_DATASET EXCERPTS_
↓
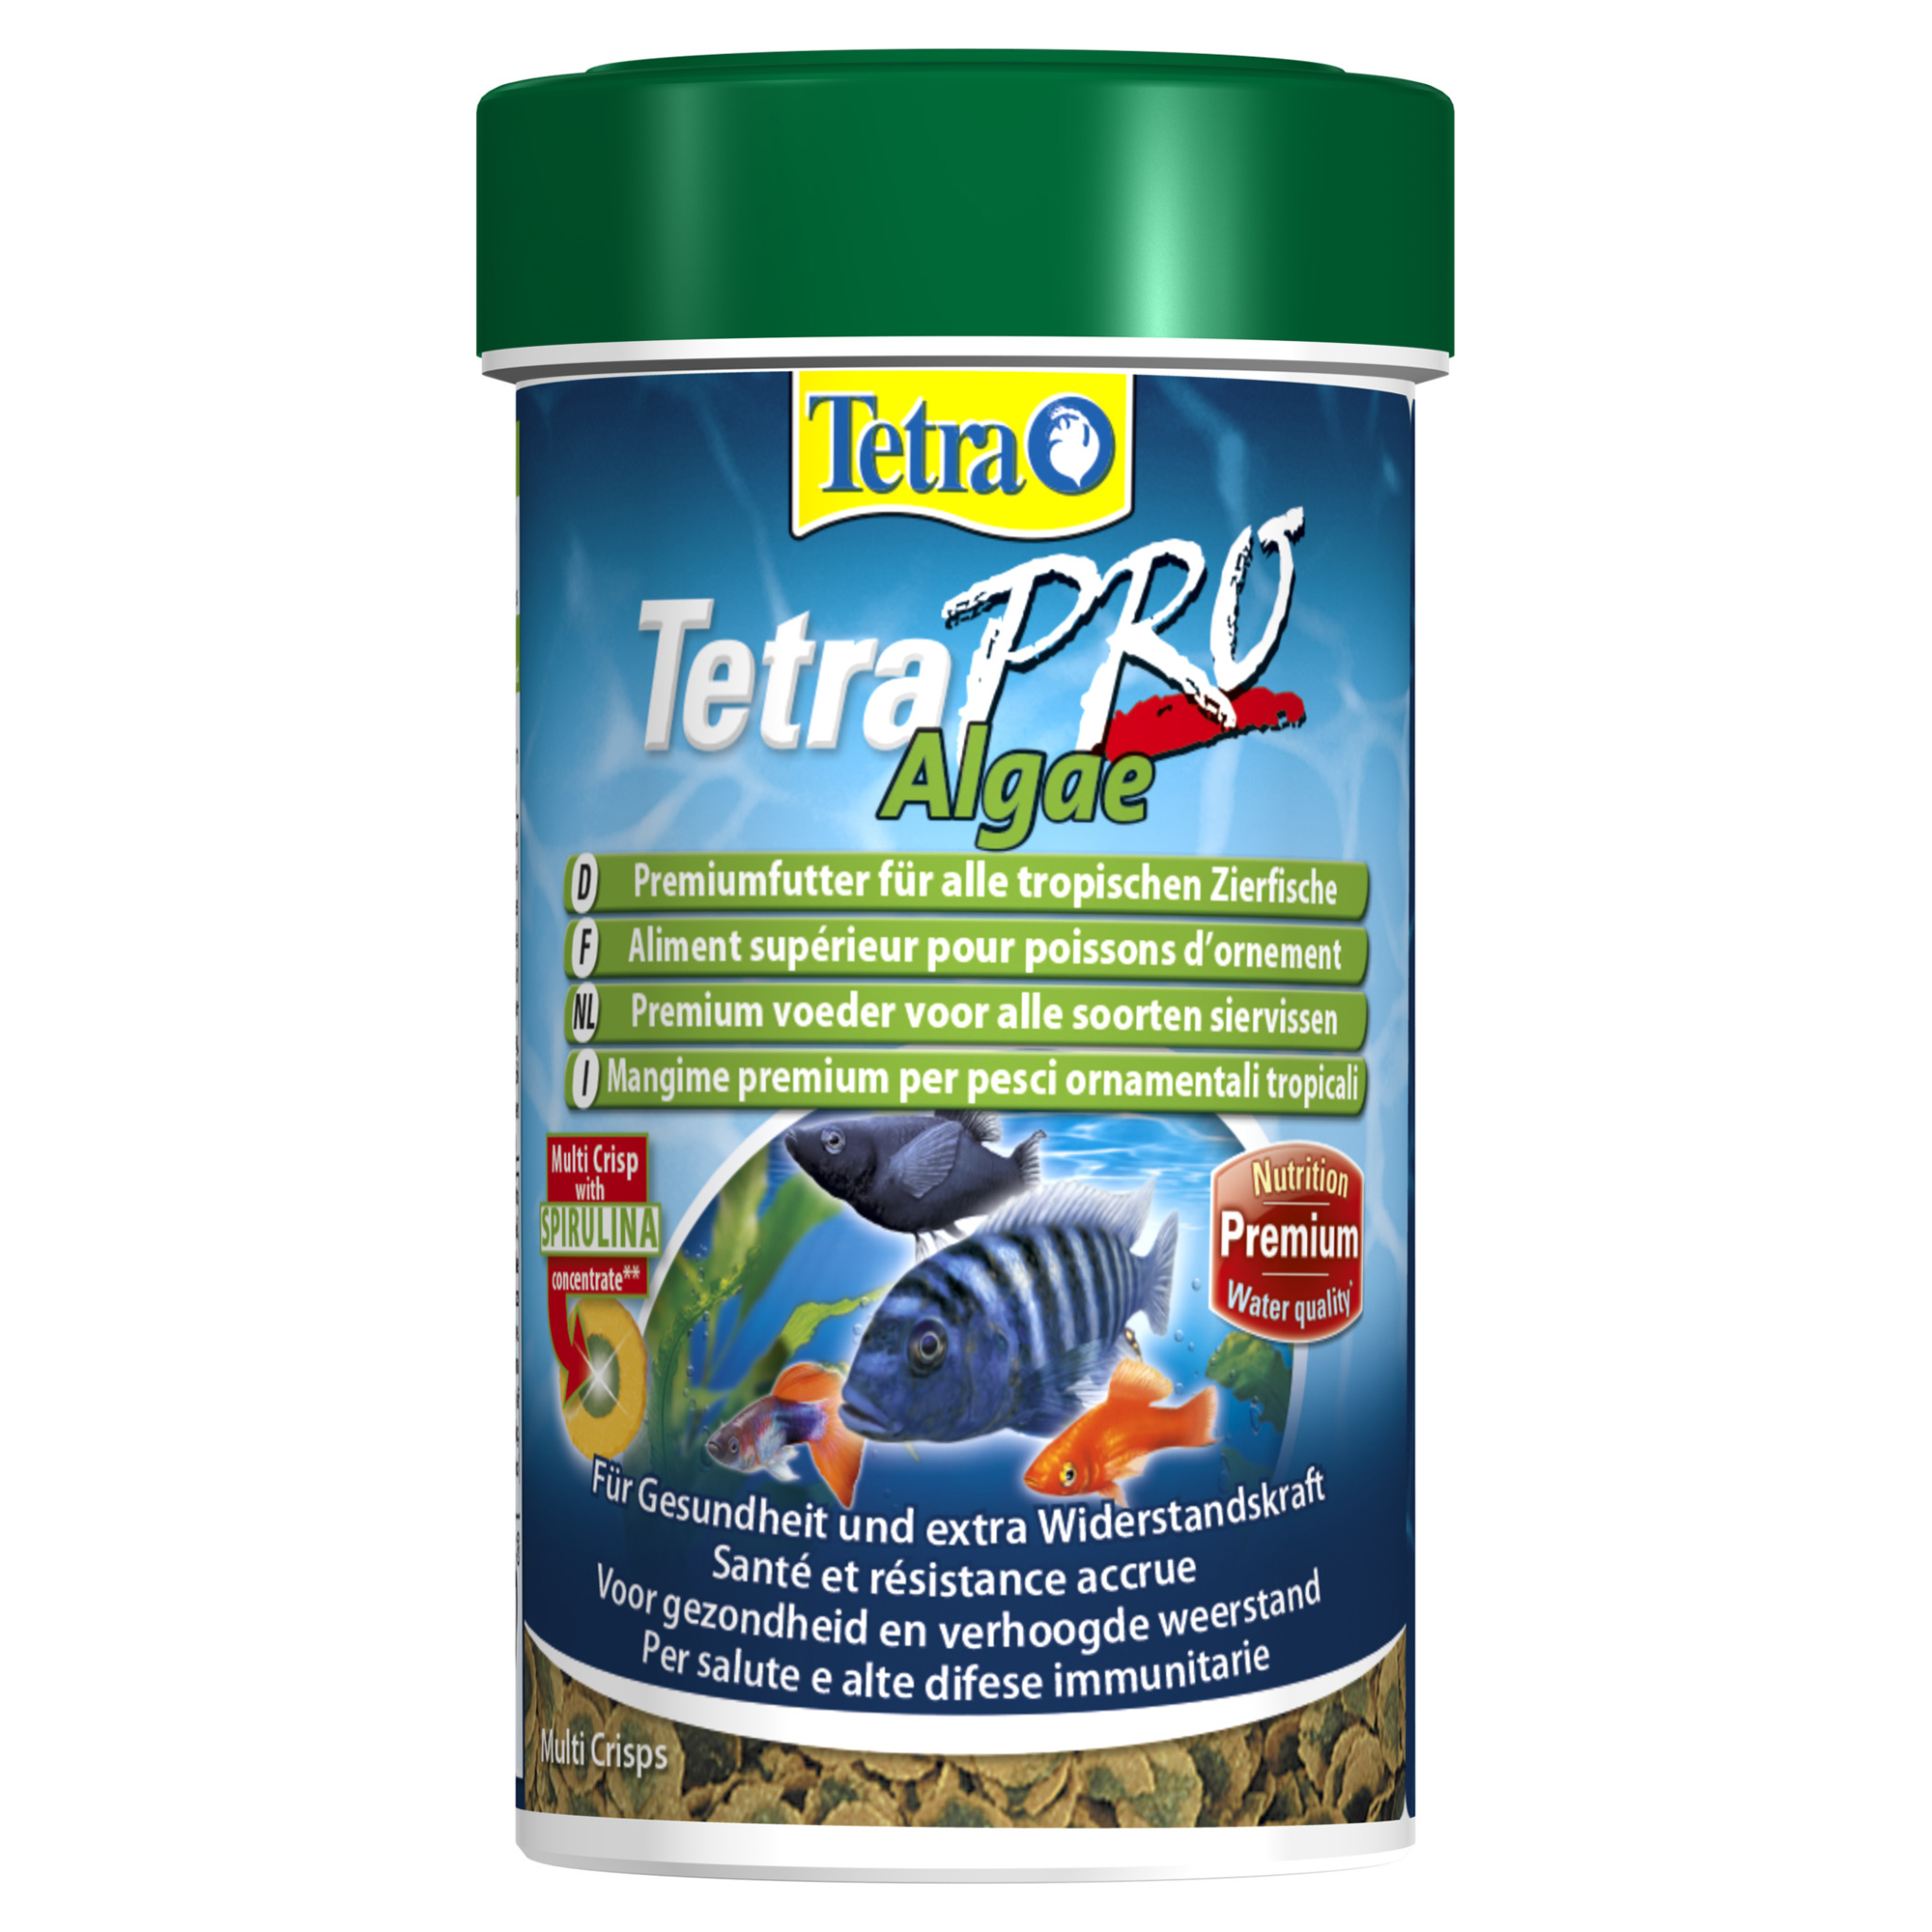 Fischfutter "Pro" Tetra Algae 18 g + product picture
↑
↓
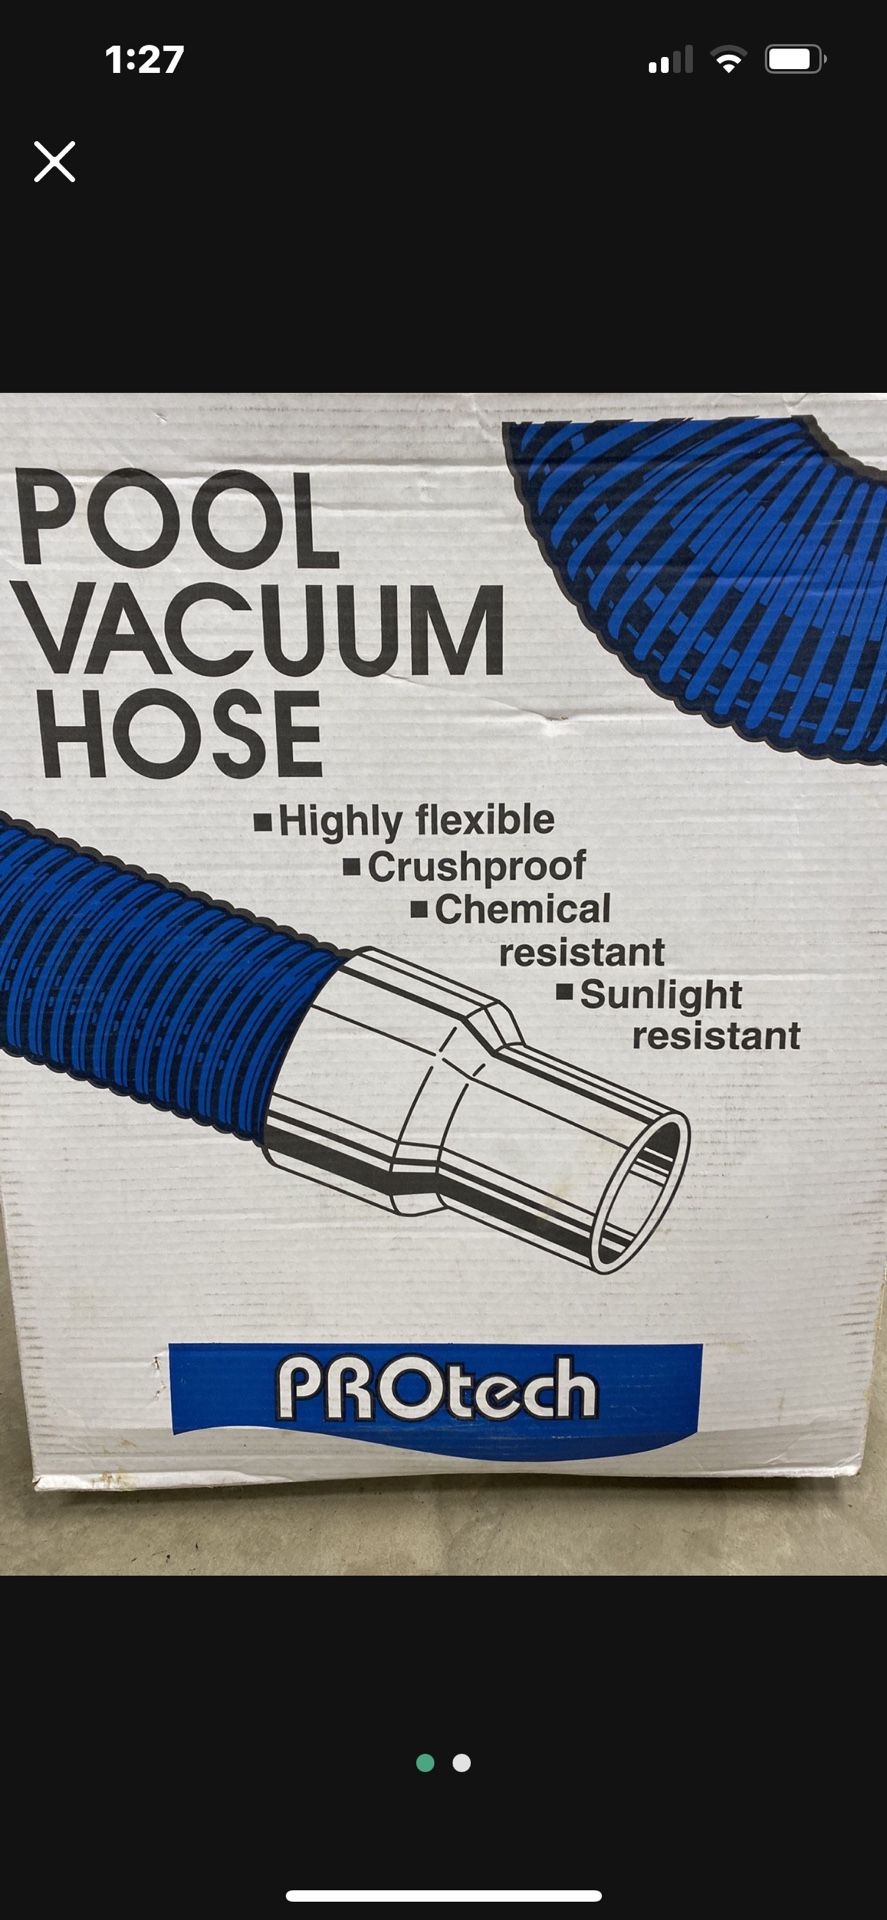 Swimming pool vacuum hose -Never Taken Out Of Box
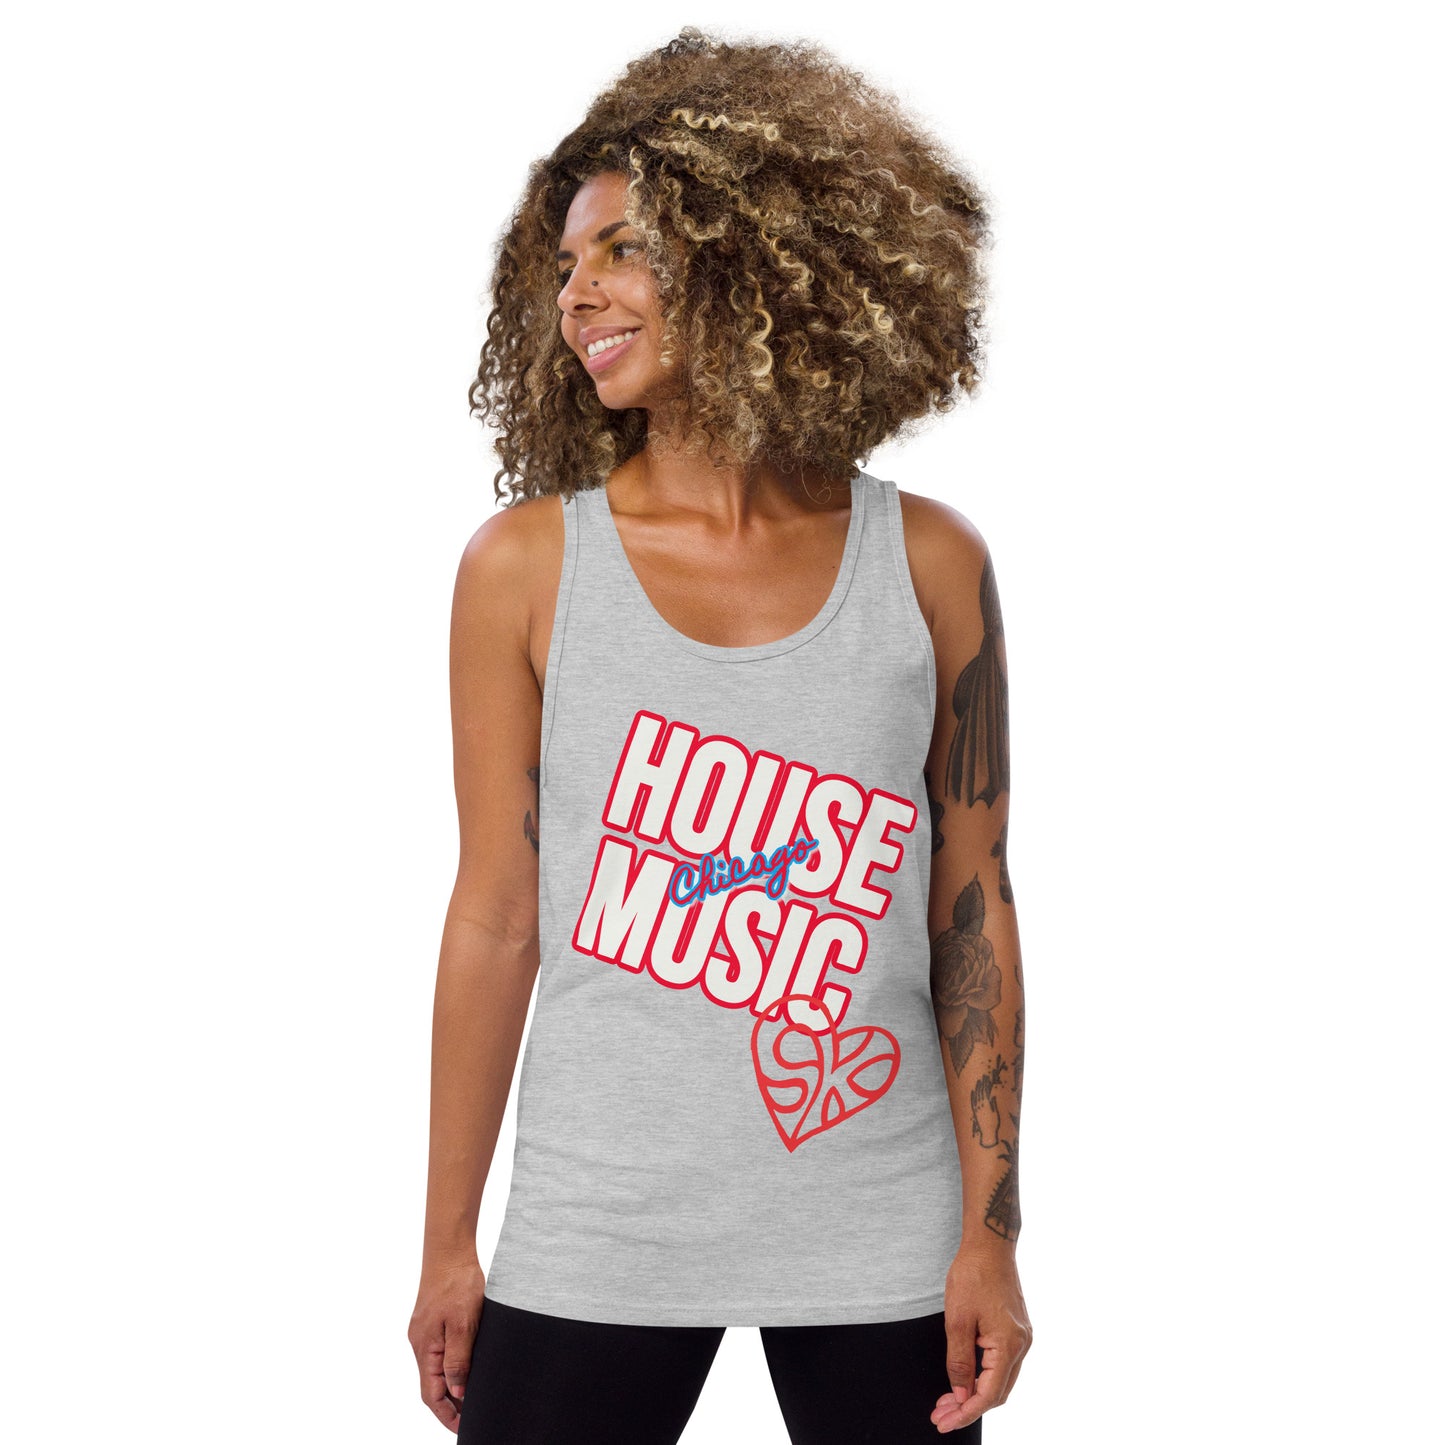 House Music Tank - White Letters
↑
Your answer should be the exact lines above from the one containing "Swimming pool vacuum" through the one containing "House Music Tank - White Letters", with both end lines kept and the pictures removed, please.

 Swimming pool vacuum hose -Never Taken Out Of Box
 House Music Tank - White Letters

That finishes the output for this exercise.